Religious Right Is Set Back
By Gina Liggett
The Religious Right has been trying to breach the wall of separation of church and state for 30 years, and has enjoyed especially close access to the White House during the two Bush Administrations. They have achieved significant successes: Bush's faith-based initiatives, the partial-birth abortion ban, the passage of parental-notification laws, the Bush appointments of Supreme Court Justices John Roberts and Samuel Alito, and the constitutional amendments against gay marriage just passed in Florida, Arizona and California. There are doubtlessly many other successes I've left out, especially at the state and local level.
But this election, there have been some defeats; and I think it is important to highlight them in the battle between those who want to create a Christian theocracy and those who value not only religious liberty, but freedom from religious-based morality.

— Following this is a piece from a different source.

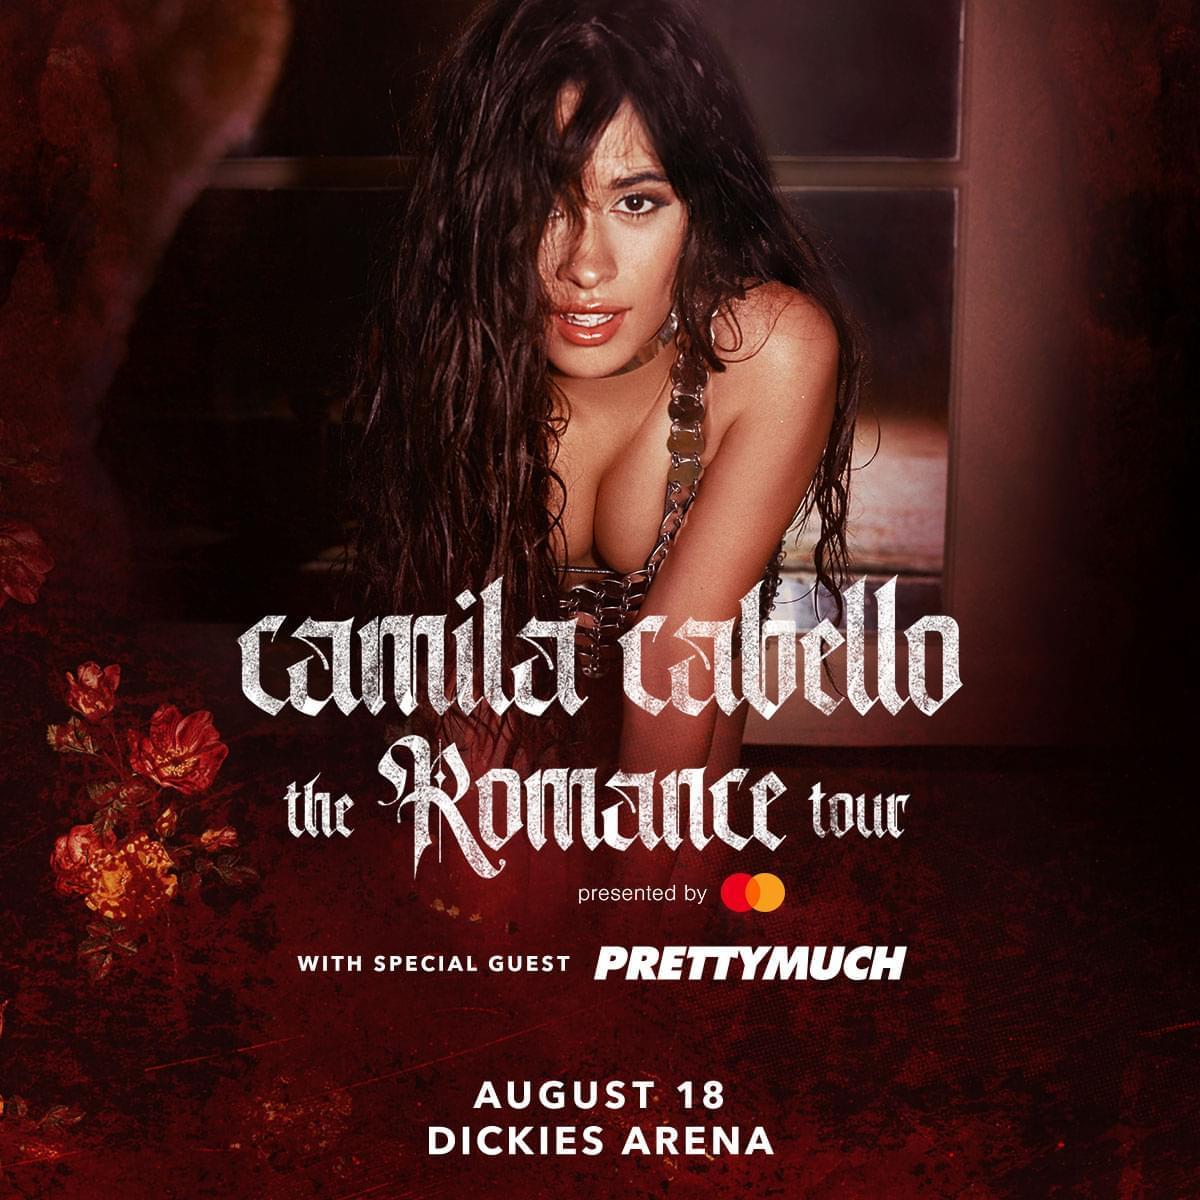 Camila Cabello @ Dickies Arena | 8.18.20 – POSTPONED

The first is the significant rejection by Colorado voters of Amendment 48. The passage of that amendment would have granted full legal rights to a fertilized egg, resulting in a direct challenge to Roe v. Wade and the opening of a Pandora's box of legal wrangling over everything from birth control to fertility treatments to inheritance rights.
Washington state passed the nation's second assisted suicide law in the country. Now individuals who are suffering and who rationally decide to end their life with dignity have more opportunity to do so humanely. This is a "right-to-life" issue: the right to choose to control your life, and that includes ending interminable suffering. Evangelicals who want to prevent people from taking their own life into their own hands are deeply "anti-life."

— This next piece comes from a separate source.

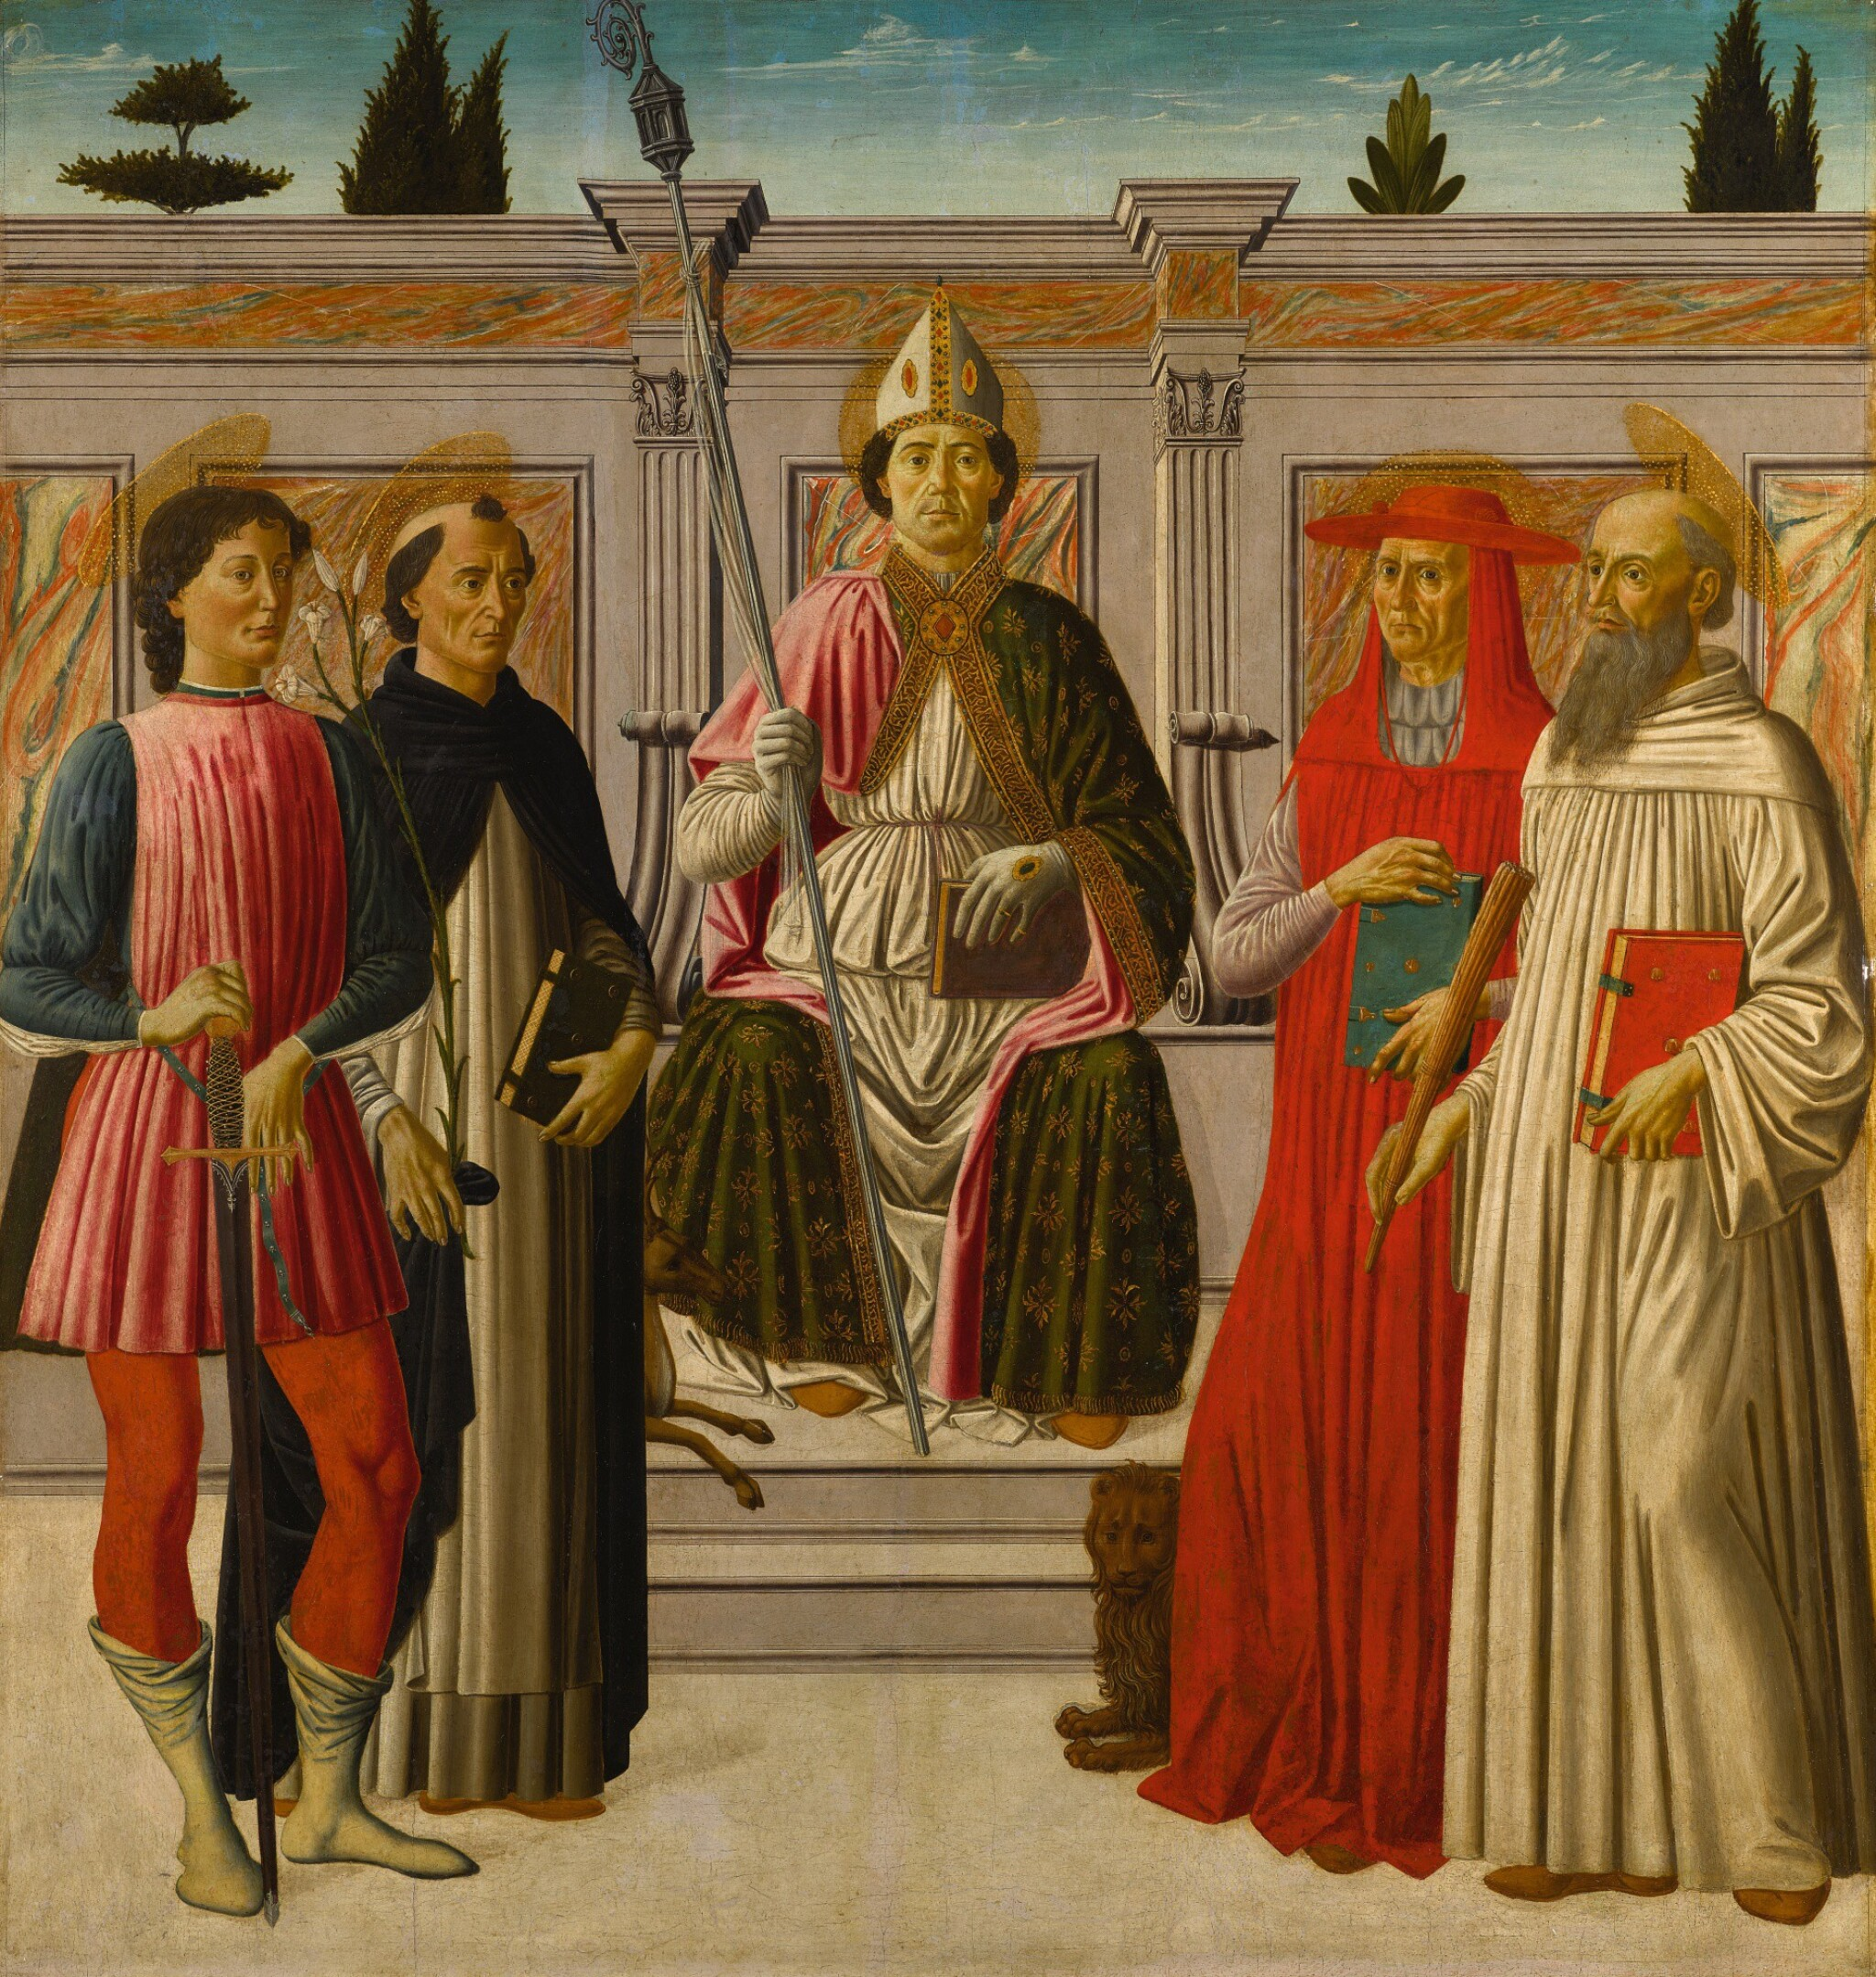 View 1 of Lot 6. FRANCESCO BOTTICINI   Saint Nicholas enthroned with Saints Hubert, Dominic, Jerome and Anthony of Padua   弗朗契斯科・波提其尼  《聖尼格老登位,聖胡伯、聖道明、聖傑羅姆與帕多瓦的聖安東尼在旁》.

Another attempt to severely ban abortion in South Dakota failed. Proponents tried to make a previous draconian abortion bill more palatable by allowing rape and incest victims or women in danger for their health to have an abortion if necessary. For anti-abortion Christians to decide on behalf of a woman what reason is good enough to justify an abortion is a negation of her right to life. An fetus has no rights to a woman's body without her consent under any circumstances.

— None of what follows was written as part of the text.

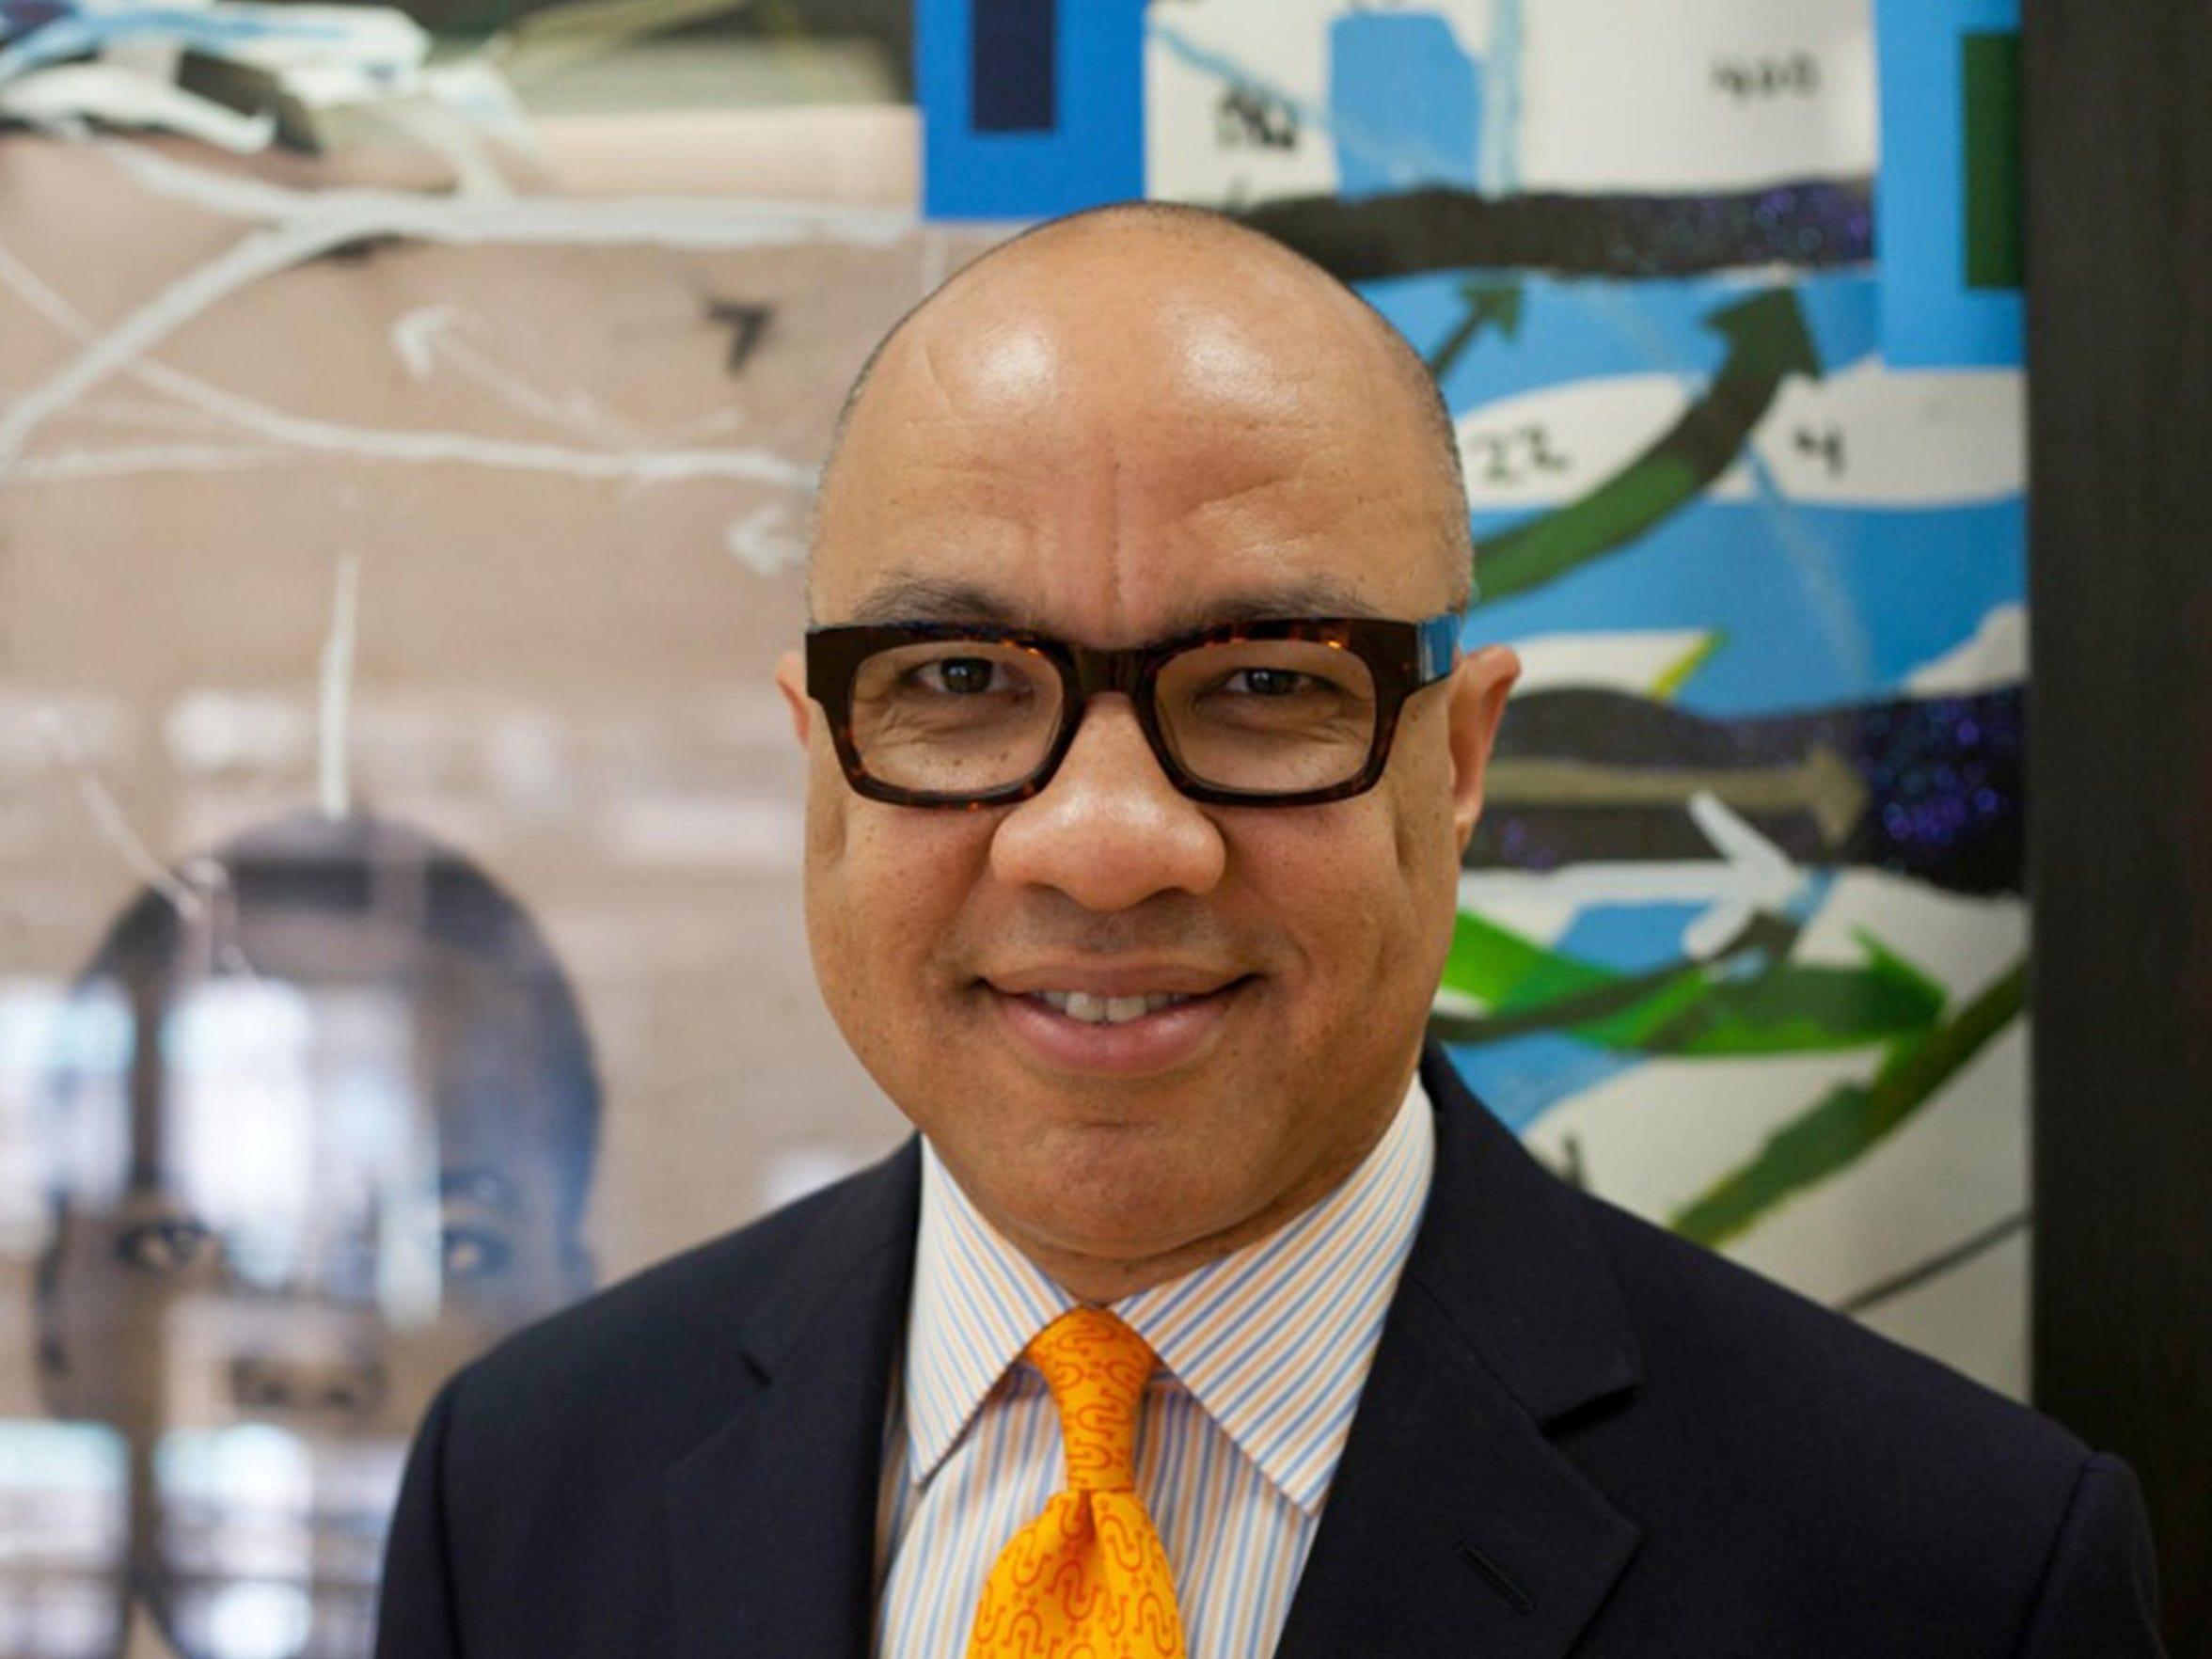 Darren Walker, president of the Ford Foundation.

Finally, candidates favored by the Religious Right suffered some losses at the polls. In five of eight Senate races, the Religious Right's favorite candidate lost (Colorado, Mississippi, New Mexico, North Carolina and South Dakota); and two races are in a run-off (Georgia and Minnesota). In eleven races for the the House, six incumbent Representatives favored by the Religious Right were ousted (Colorado, Florida, Idaho, North Carolina, Michigan and Virginia). And three incumbents held off religious challengers (Indiana, Wisconsin, Pennsylvania). This means that it will be more difficult for evangelicals to forcibly decide for all of us that we should abide by a biblical morality.
While we must be ever-vigilant in upholding this most sacred of principles--the Separation of Church and State--these defeats of the Religious Right show that it can be done.